But although this is, technically, what the government said, this is not necessarily what people have heard. As anyone has been outside recently knows, for all intents and purposes, the lockdown in England is over (the UK’s devolved regions resisted Boris’s calls to downgrade the lockdown and have kept stronger measures in place). Yes, the pubs aren’t open again yet – yes, a lot of us are still working from home. I can’t get my eyes tested (which I need) or have that tooth I’ve chipped fixed. But people everywhere are sat in their front gardens with visiting family members enjoying the hot weather; socialising in parks; driving for hours to go to the beach. Businesses are re-opening: on one street near where I live, a dog grooming parlour has been back in operation for weeks. They complain, of course – the general public – about other people’s lack of consideration. But only, for the most part, because they’ve seen people doing the exact same irresponsible things they are. “Boris says you can do what you want, go where you want now,” was one motorist’s characterisation of the government’s line, after he was stopped on the Welsh border.
And so we are presented with a rather interesting political paradox. By almost any measure, lockdown is now this government’s flagship policy: as definitive and transformative as austerity was for David Cameron’s government, or Brexit for Theresa May’s. Nothing else they have done – and almost certainly, given how extreme this situation is, nothing else they will do – is going to change the way that people in this country live and work and spend their leisure time as much as this has. And yet: the people least supportive of Boris and the Tories are precisely the people most likely to fervently observe it – indeed, to want the policy to go further; it is the government’s own supporters who are, when it comes to lockdown, their most fanatical opponents. The Tory press hate lockdown – the Telegraph and the Spectator, and their commentators (the likes of Allison Pearson and Toby Young) have been particularly audible in their lockdown scepticism. But they are still the Tories – and Boris is still their man.

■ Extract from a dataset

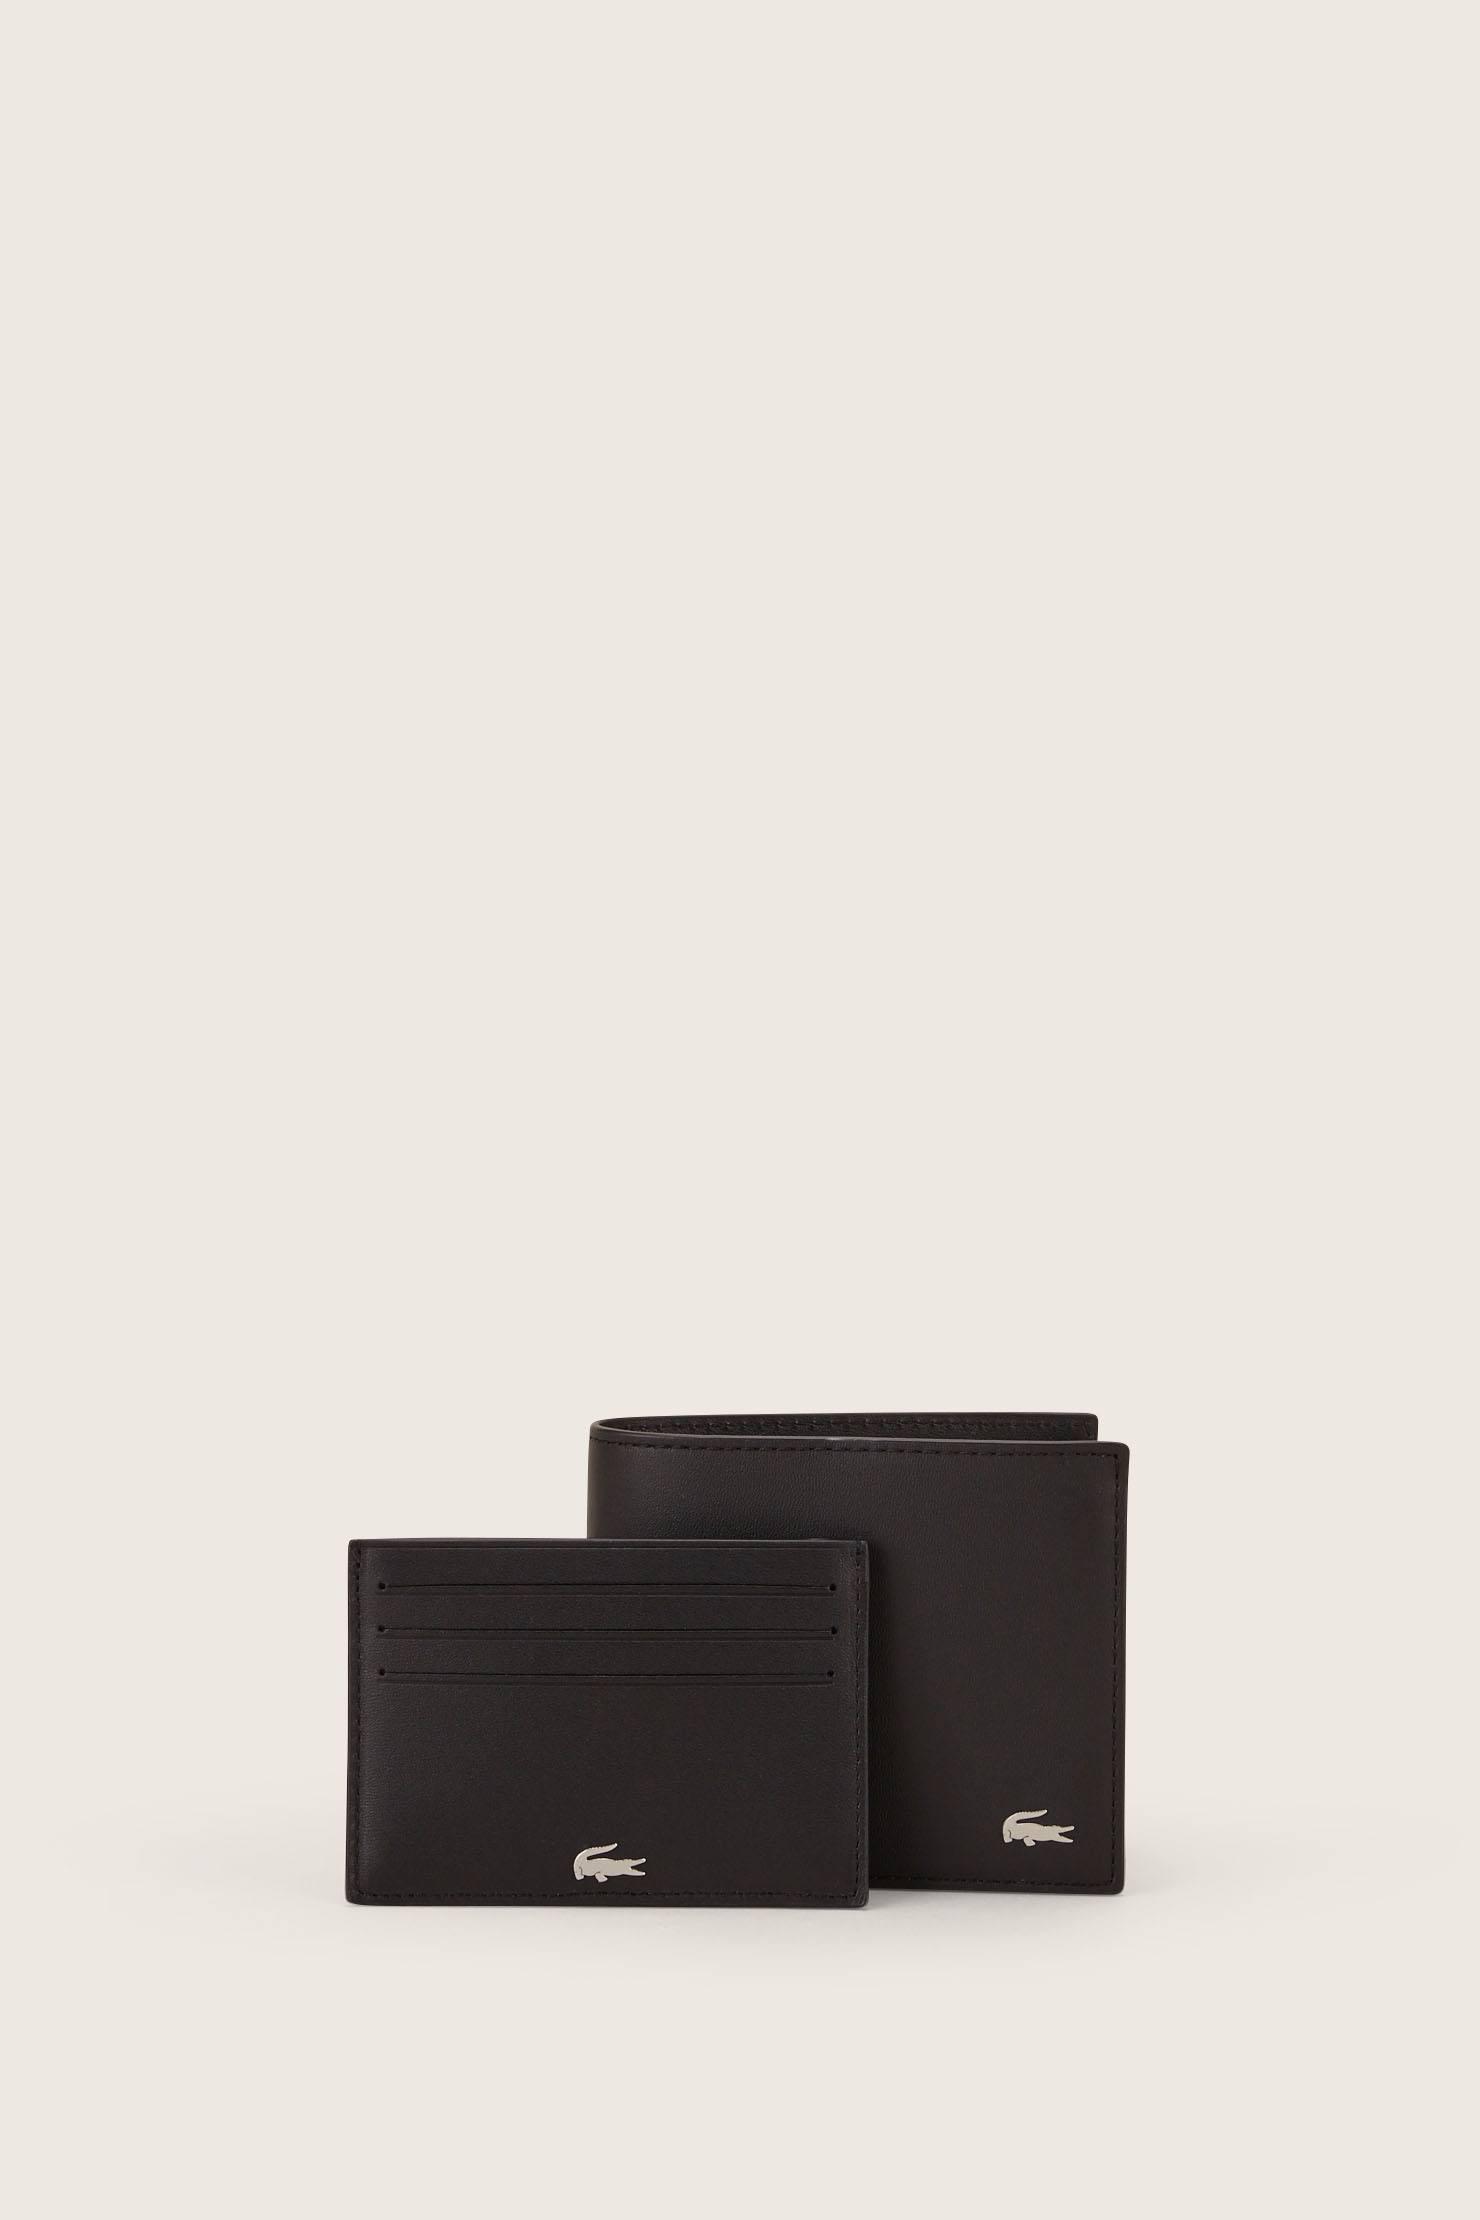 Lyst - Lacoste Business Card Holder in Black for Men

Perhaps there is a parallel here, of sorts, with Brexit: hard to remember sometimes, but technically the referendum was a defeat for the Tories, at least if you identify “the Tories” with Cameron’s government; technically, Theresa May was a ‘Remainer’. But Brexit was always a Tory issue – and the most Tory thing to want was always the hardest and fastest Brexit possible (hence why the Tory party, as represented by the likes of Steve Baker and Jacob Rees-Mogg, spent so much of the last parliament opposing May’s government for any perceived compromise with Europe). Likewise: it has been a Tory government which has implemented lockdown. But everyone knows which side the Tories are ‘really’ on – everyone knows that their preference would have been to pursue a strategy rather more like Sweden’s.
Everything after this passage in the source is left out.